DATASET EXCERPT Start Marker

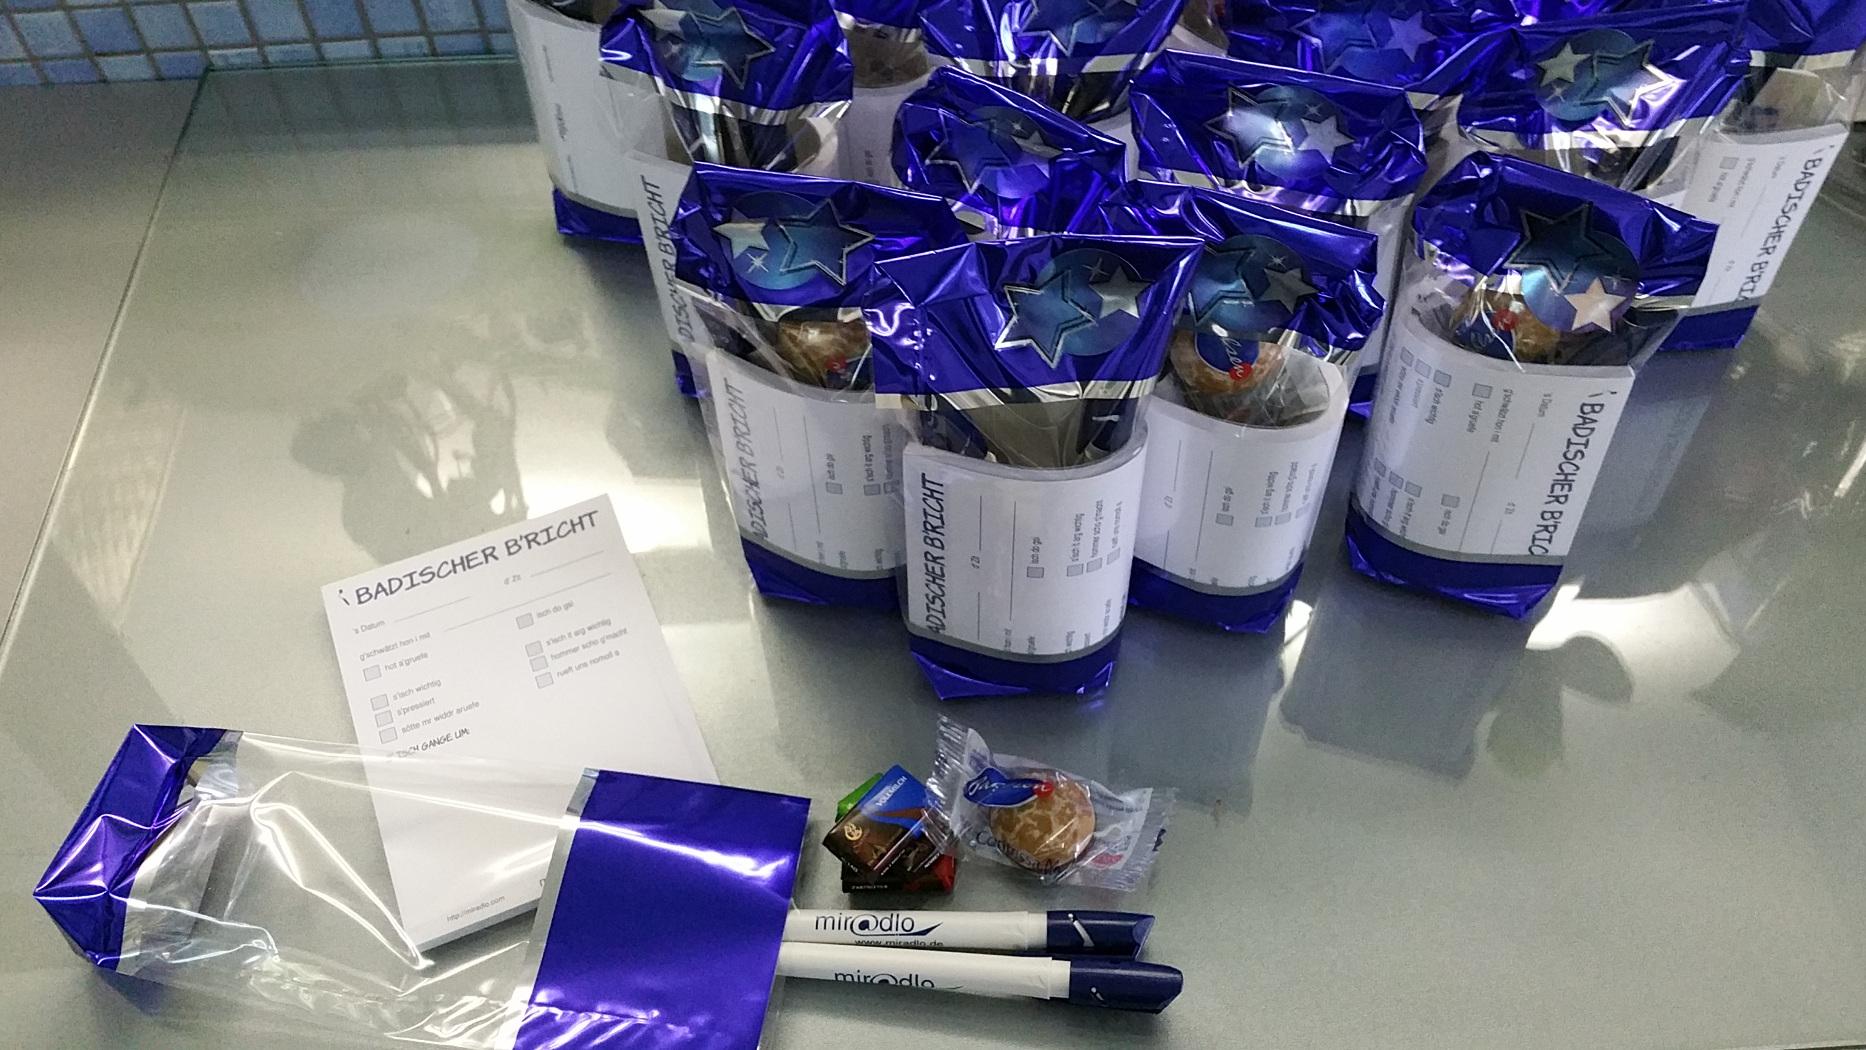 - Neujahrspäckle als Dankeschön für unsere miradlo-Versanddepot-Kunden - die Lieferadresse in Konstanz
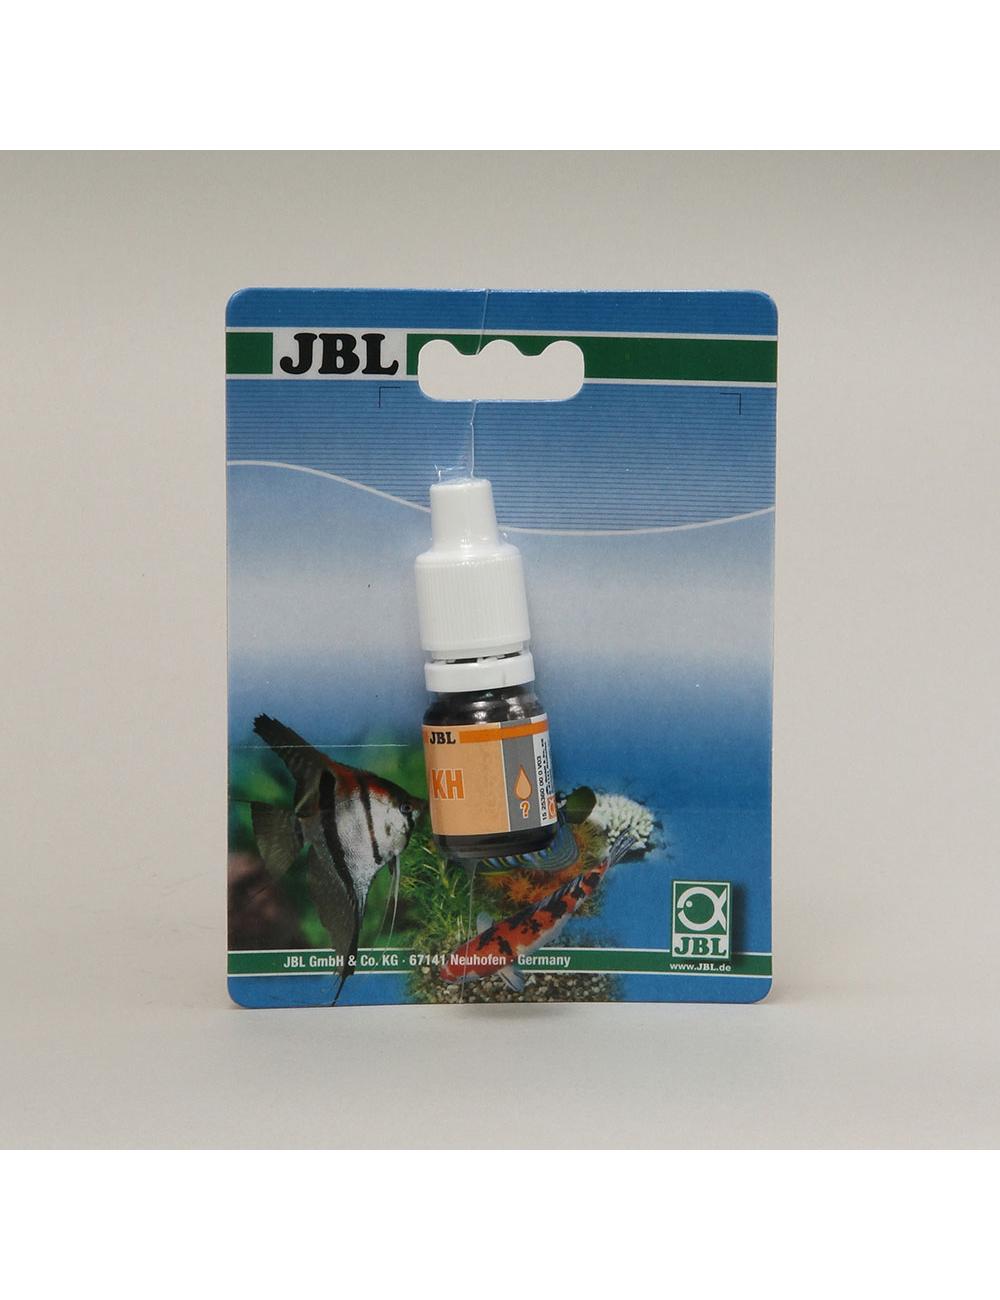 JBL - Test Kh - Dureté Carbonatée
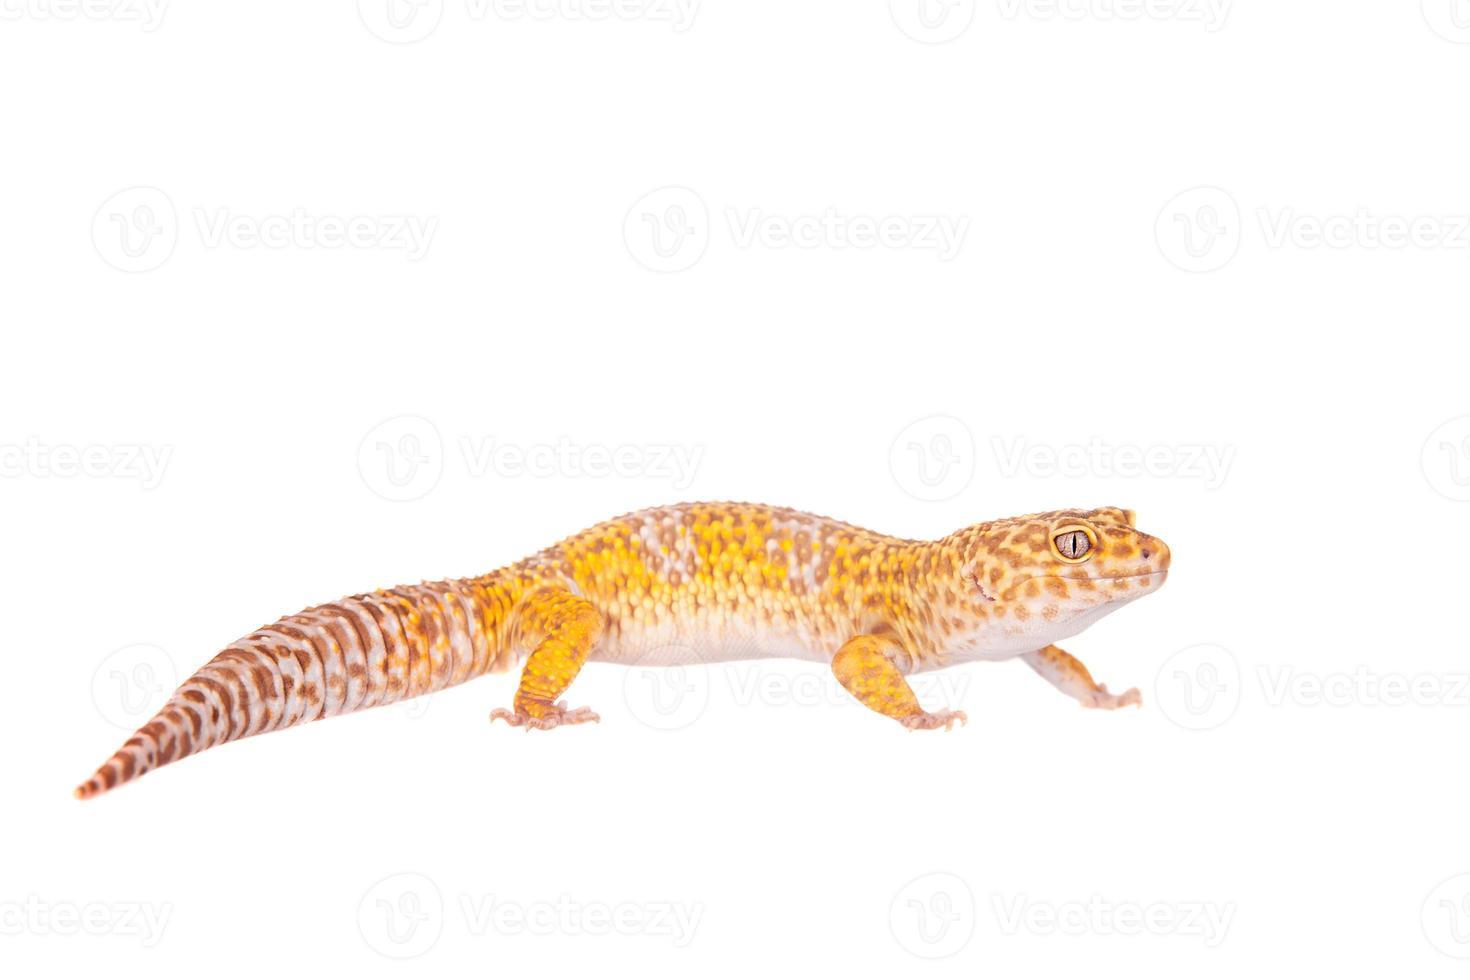 lagartixa leopardo em um fundo branco foto

DATASET EXCERPT End Marker

- _TASK TO CARRY OUT_
Please give the data above again in exact form and omit every picture.

- _WRITTEN SOLUTION_
 - Neujahrspäckle als Dankeschön für unsere miradlo-Versanddepot-Kunden - die Lieferadresse in Konstanz
 JBL - Test Kh - Dureté Carbonatée
 lagartixa leopardo em um fundo branco foto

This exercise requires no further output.